Sales to Reliance include an 18 month PCS period and revenues are recognized consistent with
revenue recognition policies (see Note 1). During the nine months ended December 31, 2008,
the Company recognized revenue of $8,135,429 for sales of BWA equipment to Reliance. During
the nine months ended December 31, 2007, the Company deferred all revenue for sales to
Reliance as the Company had committed to specified future functionality. Such revenues are
being recognized ratably beginning in October 2008 and continuing over the remaining PCS
period as all specified functionality was delivered in October 2008. Included in accounts
receivable at December 31, 2008 and March 31, 2008 were $4,414,689 and $2,549,385 gross
balances due from Reliance, respectively. As of December 31, 2008 and March 31, 2008, the
Company also had recorded an allowance for doubtful accounts of $2,383,880 and $594,490,
respectively, related to Reliance. The deferred revenue balance related to Reliance sales was
$12,086,240 and $11,353,270 as of December 31, 2008 and March 31, 2008, respectively.
Deferred cost of revenue related to Reliance sales was $12,086,240 and $11,353,270 as of
December 31, 2008 and March 31, 2008, respectively.
On April 2, 2007, the Company issued Series D warrants to purchase an aggregate of 246,230,000
shares of common stock to Reliance. In November 2008, the Company issued Series E warrants to
purchase 24,992,328 shares of preferred Series E stock to Reliance (see Note 11).
As of December 31, 2008, Reliance beneficially owned approximately 21.8% of the Companys
outstanding stock.
- 28 -
TELSIMA CORPORATION AND SUBSIDIARIES
Notes to Consolidated Financial Statements
17. Subsequent Events
On March 2, 2009, the Company was acquired by Harris Stratex Networks, Inc. (HSTX). The
acquisition closed on February 27, 2009 and was consummated pursuant to an Agreement and Plan
of Merger, dated February 27, 2009 (the Merger Agreement), by and among Harris Stratex
Networks Operating Corporation, a wholly-owned subsidiary of HSTX (HSNOC), Eagle Networks
Merger Corporation, a wholly-owned subsidiary of HSNOC (Merger Sub), and the Company. The
Merger Agreement provided for the acquisition by HSNOC of all of the outstanding equity
securities of the Company for cash through the merger of Merger Sub with and into the Company.

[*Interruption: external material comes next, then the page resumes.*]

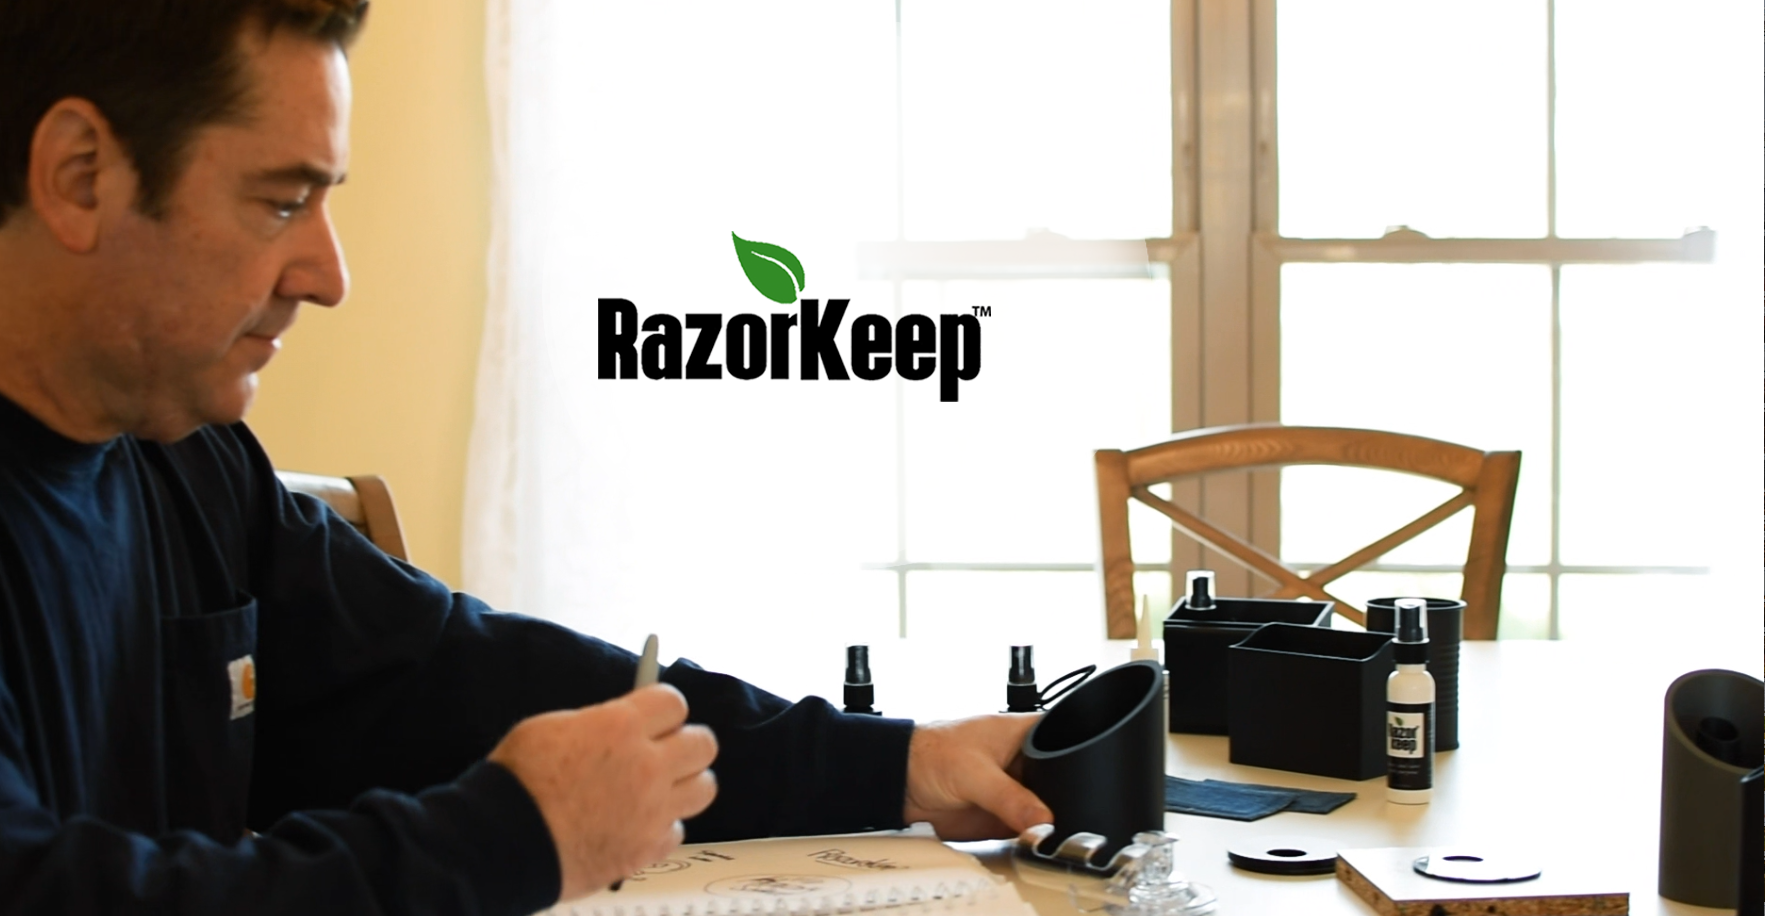 RazorKeep – World's Best Razor Maintenance System-GadgetAny

Following such merger, the Company became a wholly-owned subsidiary of HSNOC. Under the
terms of the Merger Agreement, HSNOC will pay to the stockholders of the Company a maximum
aggregate consideration equal to (i) $12 million minus (ii) $2 million in respect of advances
made by HSTX to the Company prior to the Acquisition, plus (iii) an amount equal to 70% of any
amounts collected by HSTX from certain Telsima customers during the period between February
27, 2009 and March 31, 2009. $2 million of the aggregate consideration was payable upon the
closing of the Acquisition, $2.5 million of the aggregate consideration is payable on or about
May 27, 2009 and $2.5 million of the aggregate consideration is payable on or about August 27,
2009, with each of the May 27, 2009 and August 27, 2009 payments subject to adjustment based
on the collections from Telsima customers described above. Pursuant to the Merger Agreement,
HSNOC has retained a $3 million holdback amount with respect to certain indemnification and
other obligations of the former stockholders of the Company and this holdback amount is due to
be settled on or about February 27, 2010. In connection with the Acquisition, HSTX executed a
guarantee of all of the amounts payable by HSNOC under the terms of the Merger Agreement.